GPO announced it plans to ask lawmakers and the Office of Personnel Management for permission to offer buyouts and early outs to its 2,200 employees, with the goal of decreasing its overall workforce by 15 percent and thinning its managerial ranks by 25 percent. The move was prompted by "overall government cutbacks and projected reductions in appropriated funds," according to the announcement.
If OPM grants the office's request, then employees could be offered lump-sum payments of up to $25,000 to voluntarily leave their jobs. The actual amount of the payout would be based on a formula, according to GPO.

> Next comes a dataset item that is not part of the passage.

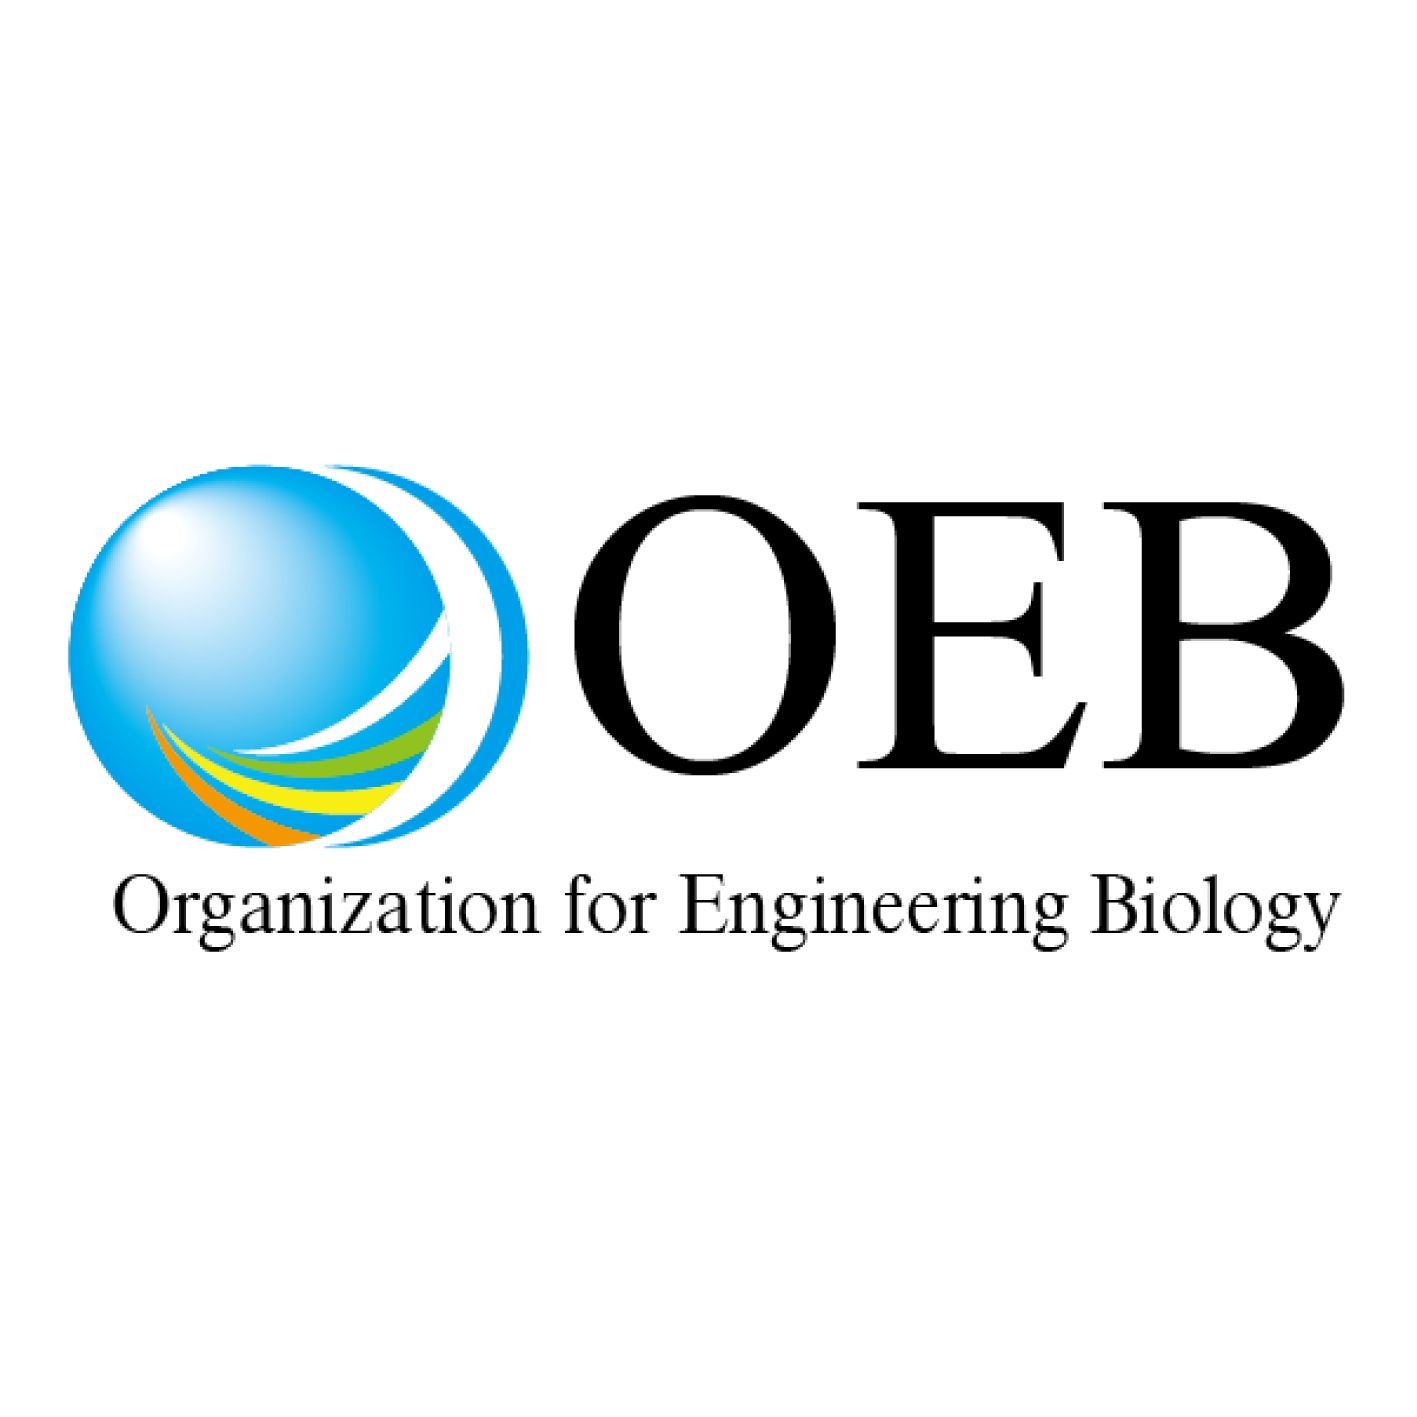 Organization for Engineering Biology
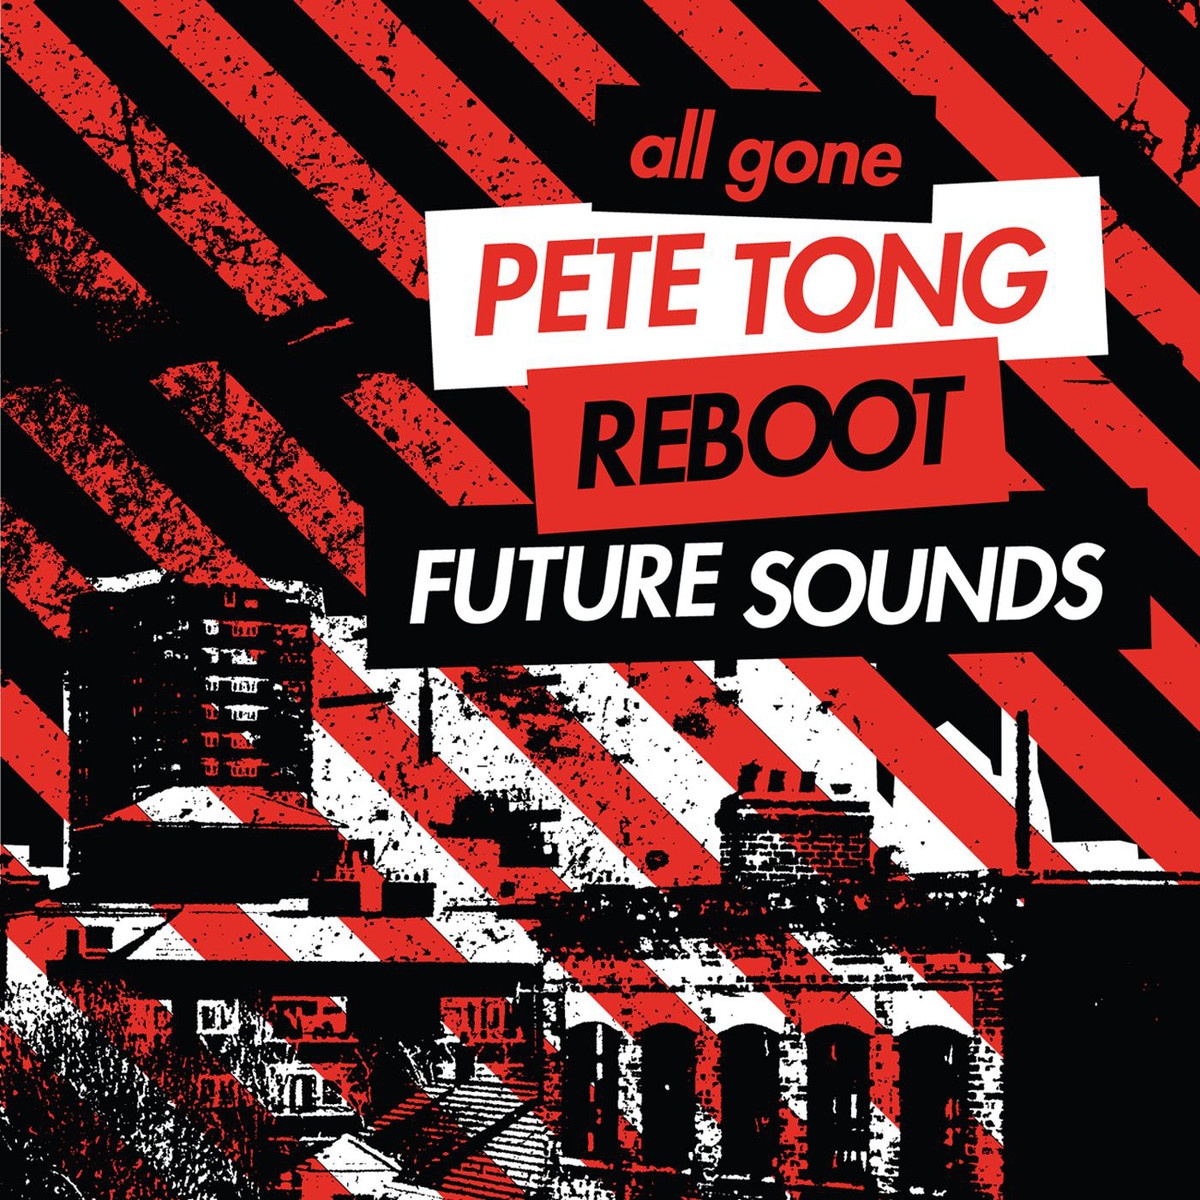 All Gone Pete Tong & Reboot Future Sounds (Pete Tong Bonus Mix)

The process would have to be completed by Dec. 31 for GPO to realize the anticipated savings, the statement said. GPO in January revised its fiscal 2012 budget request downward by $5 million, to $148.5 million. That represents a major reduction from the $166.6 million requested the previous year, Public Printer Bill Boarman pointed out in May congressional testimony. But it still would be a significant increase over the agency's actual fiscal 2011 budget of $135 million.
Boarman expressed confidence the staff reductions would not hamper GPO's mission of producing and distributing government documents. "These challenging economic times have no boundaries and are forcing federal agencies to seek ways to survive," he said in a statement. "GPO is open for business. We are an agency with a dedicated workforce that will continue to reengineer itself in the 21st century to serve as the digital information platform for the federal government."
GPO is one of several agencies turning to buyouts and early outs in the tight fiscal environment. The Agriculture Department last month won OPM approval to offer early outs to most employees and buyouts for 544 positions. The U.S. Postal Service and Smithsonian Institution also are offering voluntary separation packages, and the Air Force Materiel Command in May started gauging civilian workers' interest in potential buyouts.